I would also like to offer to you that there is a difference between being a slut and being a sex-positive female. We live in a society that is smothered in all things sex, but why do we still view the ladies that partake in such activities as whores? While I’m in no way advocating risky, promiscuous sex, I think it needs to be said that SEX IS A GOOD THING, and talking openly about it works to slowly but surely remove the stigma attached to it.
The other is about not casting judgment because a college-aged woman wants to save herself for marriage.
You might think I’m crazy, but I know that until I have found the one I’m going to spend the rest of my life with, I’m not going to settle. I don’t just want to pick up some random guy at the club, spend a meaningless night together and have my final image of him be his back heading out the door.
I don’t mean to completely admonish and criticize those girls that do live that sort of life. I have plenty of girlfriends who go through guys like they’re the flavor of the week. And I’m totally fine with you living that lifestyle; I wasn’t born in the 18th century. I understand that times have changed and it’s the new millennium. All I want is for you to not look down on me like I’m missing out on something. Because I don’t think I am; I love everything about my life, and wouldn’t live it any other way.
Probably the most hilarious thing about both of these articles is how judgmental they come off in their own right. The first writer spends most of the piece turning the ’slut’ into an ‘other’ when, whether fairly or unfairly, the idea of what a ’slut’ is exactly is in the eye of the beholder.
For instance, a few weeks ago a woman who has now become a good friend and frequent partner of mine caught me by surprise when she asked me if I would think she was a whore because we were hooking up the first time we hung out.
When I joked about it a little later, she talked about how guys have taken that position before and adjusted their treatment of her accordingly.
Having been around enough groups of my male peers, I know the score.

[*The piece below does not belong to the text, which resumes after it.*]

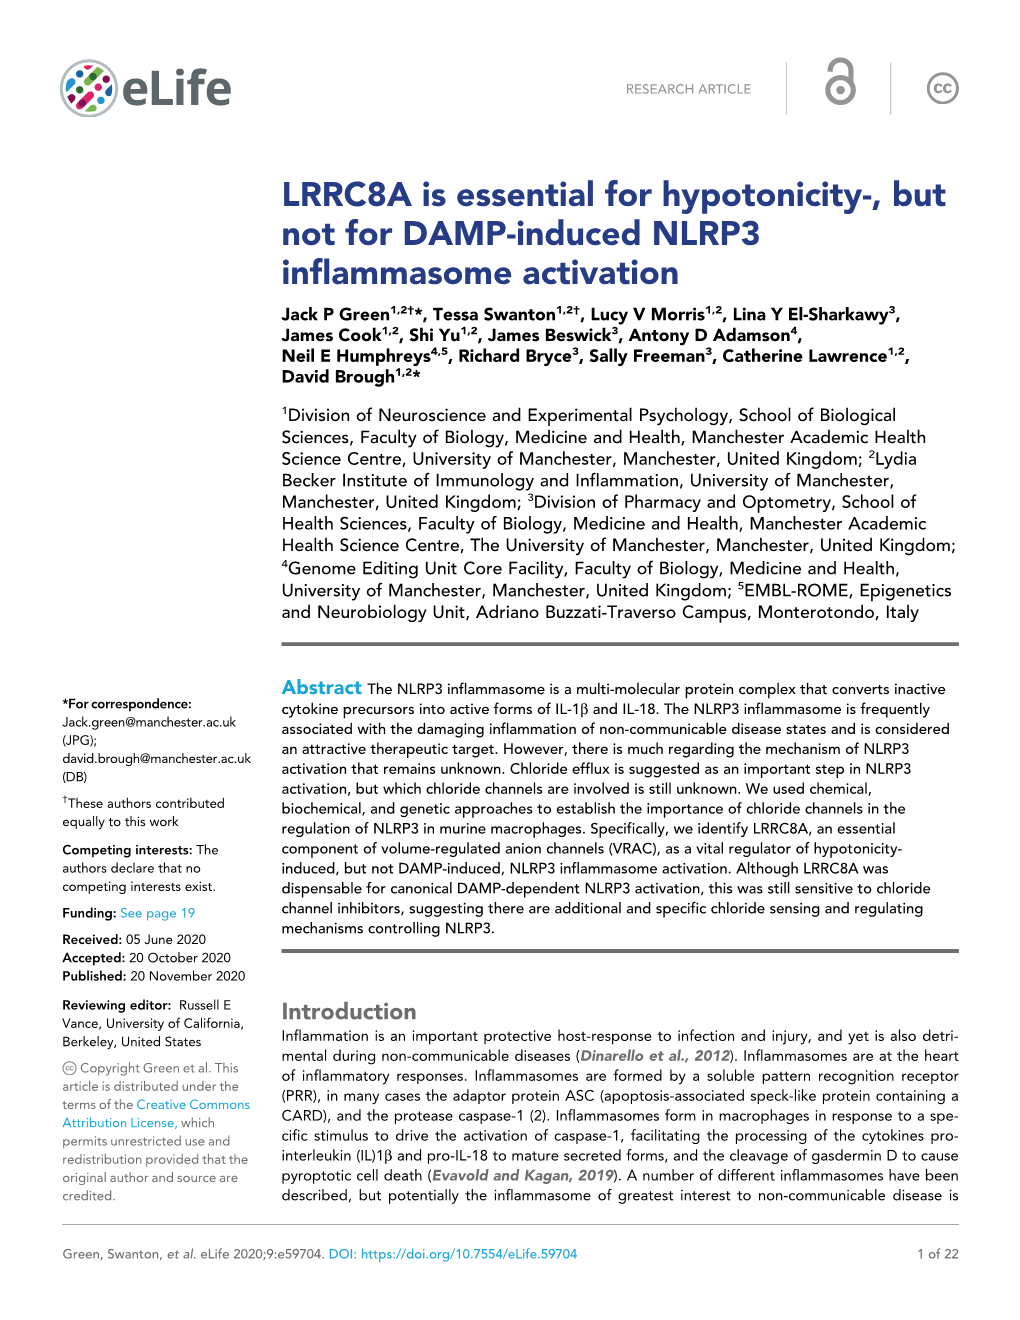 LRRC8A Is Essential for Hypotonicity-, but Not for DAMP-Induced NLRP3

I guess I was surprised because the idea of her being a ‘whore’ hadn’t even crossed my mind.
I’m into it, she’s into it… what’s the problem? I’m supposed to be a ‘champion’ and her a ‘whore’?
Doesn’t make any sense.
And then there’s the second woman. A good friend of mine is on a similar track (which is a damn shame too because she’s fucking gorgeous) and wants to save herself for marriage.
I think she’s an idiot but I don’t begrudge her, it’s her life after all. And I feel the same way about the virgin who wrote the article.
The problem I have is the continual attempts to justify her position in the piece. I’ve met ‘random people’ in bars who I never saw again and who have become important parts of my life. Even the ‘meaningless’ nights I’ve had were (mostly) fun and some have even lead to relationships the author would likely consider not ‘meaningless.’
There also has to be some acceptance of simple reality here… she is ‘missing out’ in the same way I miss out on the perks of a healthier lifestyle because I drink too much, smoke too much, indulge in narcotics and barely sleep.
I accept this and I think the author should accept she is missing out on something that can be very awesome. Again, I don’t begrudge her, if that makes her happy then good luck and godspeed… just spare everyone the sanctimony.
Ultimately, neither of these articles accomplish much because there’s often no real point in attempting to defend your lifestyle choices to those who choose to look down on your or judge you because of them.
If you want to be a ’slut,’ (whatever that means) then do it. If you want to be a virgin… do that too. Anyone who isn’t okay with either choice probably shouldn’t be in your life.